Possession Of 7 Shotgun Shells = 15 Years In Prison

Possession Of 7 Shotgun Shells = 15 Years In Prison

In yet another example of how mandatory minimum sentences continue to limit the discretion of federal judges and unfairly punish certain defendants, a man has recently been sentenced to a 15-year jail sentence under the Armed Career Criminal Act for being a felon in possession of weapons ammunition. At first glance, it doesn’t sound so bad, right? I don’t think anyone would consider it unreasonable to prohibit individuals convicted of certain violent crimes from owning weapons or possession ammunition for guns.

But here is the crazy part…..the 15-year sentence was based on police officers finding 7 shotgun shells inside of the defendant’s home within a cabinet drawer.


I repeat, 7 shotgun shells! To provide some context, in New York City, one of the toughest jurisdictions on illegal weapons possession in the nation, possession of an actual shotgun is only an unclassified misdemeanor, punishable by no more than 1 year in jail.

The defendant appealed the sentence, arguing that it would be cruel and unusual punishment and a violation of his 8th Amendment rights for the Court to sentence him to 15 years. He further argued that his possession was “passive, innocent, and initially unwitting,” and that the gravity of his offense was so low compared to the harshness of the sentence. Also, the defendant allegedly came into possession of the shells while helping a widow sell her deceased husband’s possessions and he claimed that he put them in a drawer so his children would not find them.

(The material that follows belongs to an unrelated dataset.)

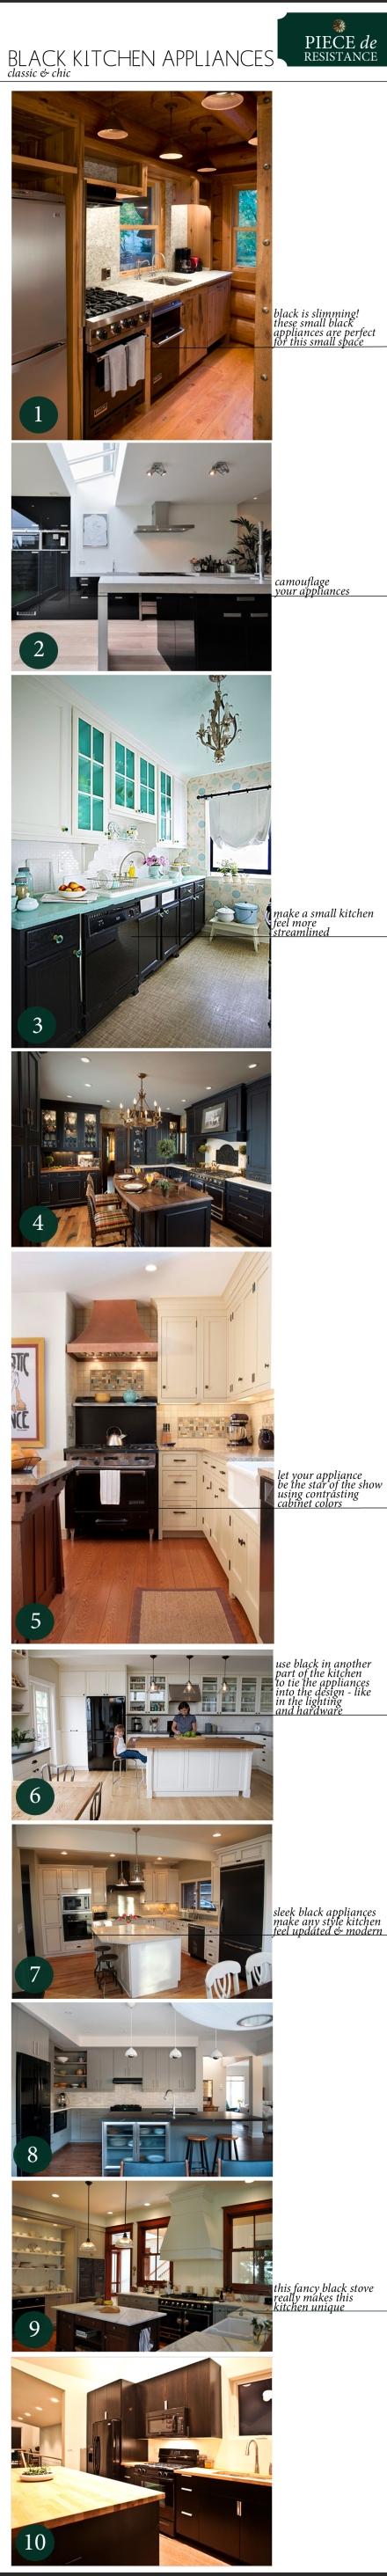 black-kitchen-appliances copy

The Appellate Court somewhat agreed, stating that the magnitude of the crime involved the lowest possible level of culpability that could have rendered him being a felon in possession of ammo. Nonetheless, the Court upheld the conviction and sentence, ruling that while the sentence may seem harsh and severe, it is not unconstitutional in this case. Clearly, there is a little more to the story. The defendant is obviously a felon with a history of committing felonies, and he was ordered to abide by certain conditions. The Court said that it is his recidivism and prior violent felony convictions that make him eligible for the sentence, not just the current possession. Also, while most of his offenses occurred long ago, the Court said it was relevant that the ammo was found during a search for stolen tools and several stolen items were found in the house.

Is that relevant? Should a defendant continue to be punished for crimes that he has already been punished for? Courts across the country certainly think so and the standard for repeat offenders is clearly different.

However, Judge Jane Stranch, who concurred in the decision, wrote separately that while she agreed the sentence was not unconstitutional, the U.S. Sentencing Commission should take up the problem of “over-criminalization” because mandatory minimums continue to “produce sentences that can only be described as bizarre.”